Сигналы и мотивы

Консервативный мотив в выравнивании последовательностей гомологичных белков

В рамках данного практикума было взято семейство эндонуклеаз Endonuclease_5 (PF04493). Варивнивание seed для этого семейства содержит 141 последовательность, для дальнейшего поиска консервативных мотивов были удалены последовательности совпадающие более чем на 75%. Таким образом было оставлено 88 последовательностей. В качестве консервативного мотива был выбран мотив G..HPR..G[ILV]A, который встречается в 71 последовательности из 88 оставленных последовательностей (и в 121 последовательности исходного выравнивания seed). С использованием сервиса MyHints был произведён поиск найденного мотива в базе данных SwissProt.
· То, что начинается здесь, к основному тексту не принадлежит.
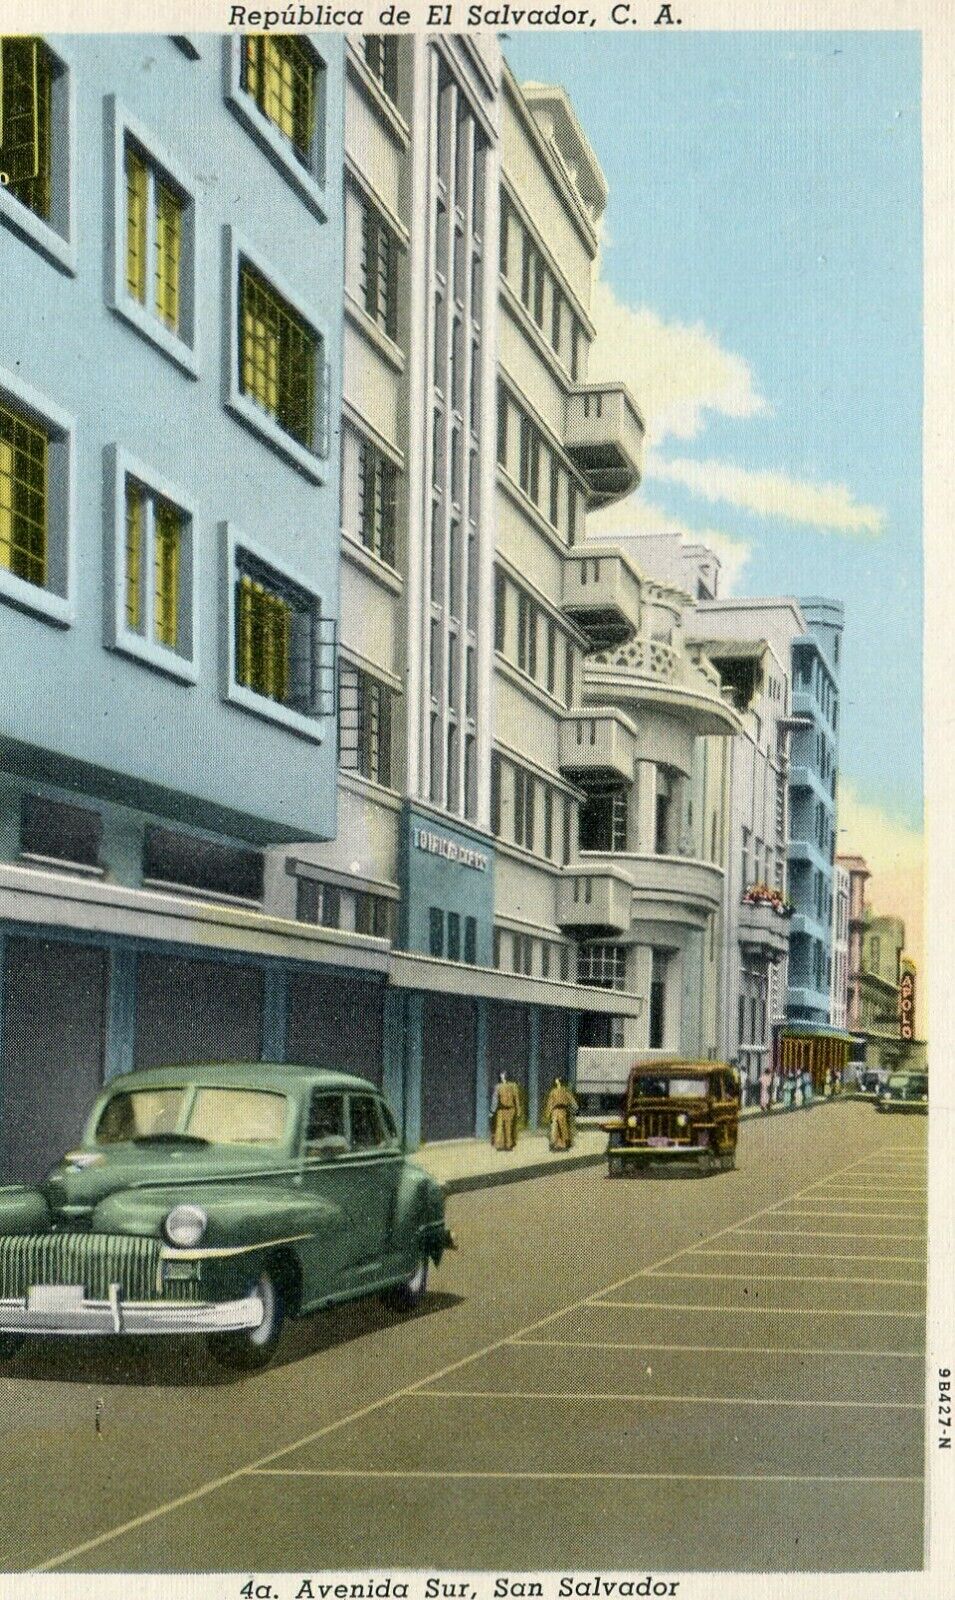 El San Salvador - 4a Avenida Sur. old postcard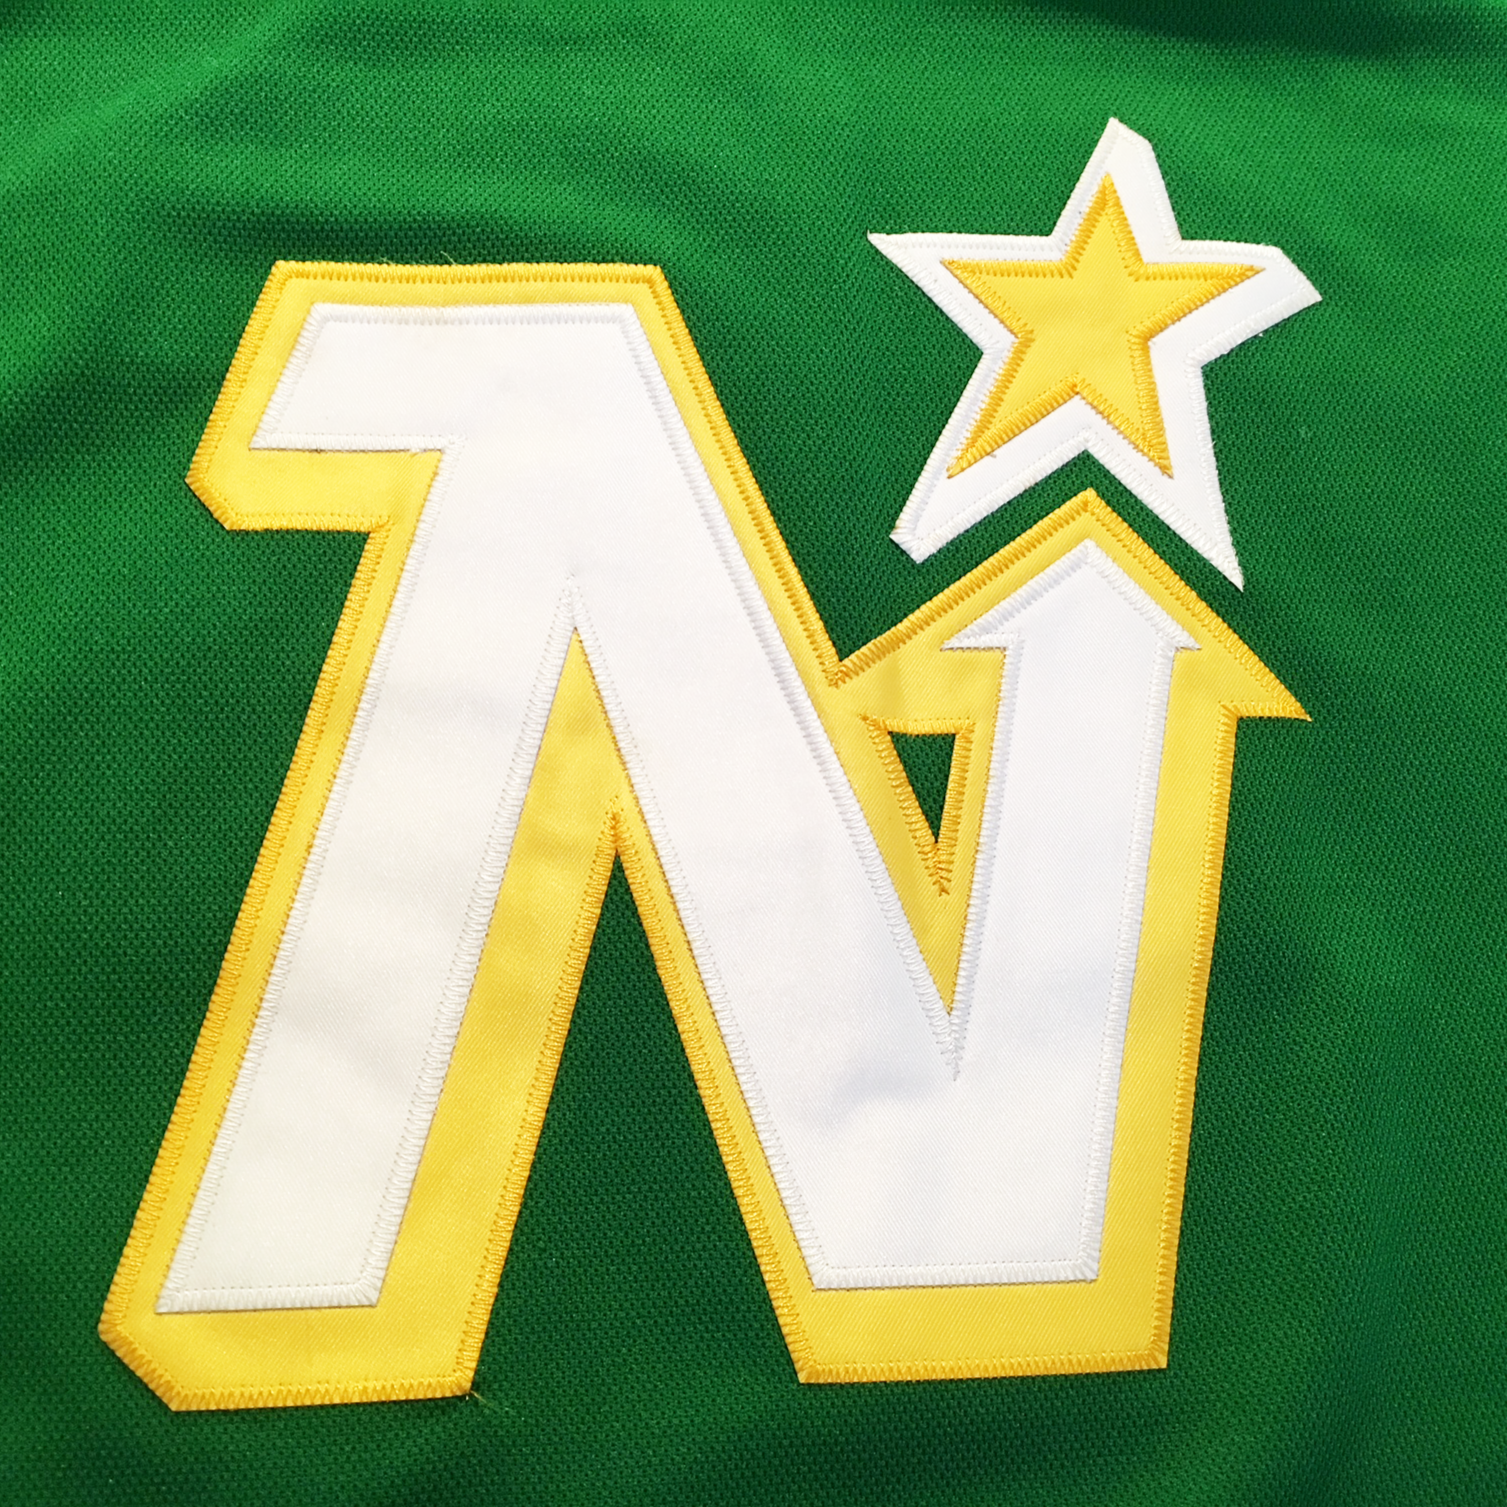 Minnesota North Stars NHL Fan Jerseys for sale

В результате получено 122 находки, из которых 118 принадлежат выбранному для работы семейству Endonuclease V, остальные 4 находки принадлежат к семейству Peptidyl-tRNA hydrolase.

Поиск мотива специфичного для клады

С использованием метода NJ было построено филогенетическое дерево и выделена клада c 26 последовательностями. В качестве консервативного был выбран мотив P[LV].[IV]S.G, который встречается в 24 последовательностях этой клады. При этом среди последовательностей исходного выравнивания этот мотив был найден 51 раз, т.е. за пределами клады мотив встречается в 27 случаях из 62. Таким образом можно сказать, что мотив специфичен для данной клады.

PSI-BLAST

Для работы был выбран белок с идентификатором P19954 – это хлоропластный фактор связывания рибосомы из организма Spinacia oleracea (Шпинат огородный). В результате запуска 4 итераций PSI-BLAST получено 28 находок

Таблица 1. Таблица итераций PSI-BLAST.
Номер итерации Число находок выше порога (0,005) Идентификатор худшей находки выше порога E-value этой находки Идентификатор лучшей находки ниже порога E-value этой находки
1 17 P30334 \(\begin{equation}0,004\end{equation}\)
2 28 P9WMA8 \(\begin{equation}0,003\end{equation}\) Q0C0T0 \(\begin{equation}0,027\end{equation}\)
3 28 P9WMA8 \(\begin{equation}7,00\cdot10^{-13}\end{equation}\)
4 28 P9WMA8 \(\begin{equation}8,00\cdot10^{-13}\end{equation}\)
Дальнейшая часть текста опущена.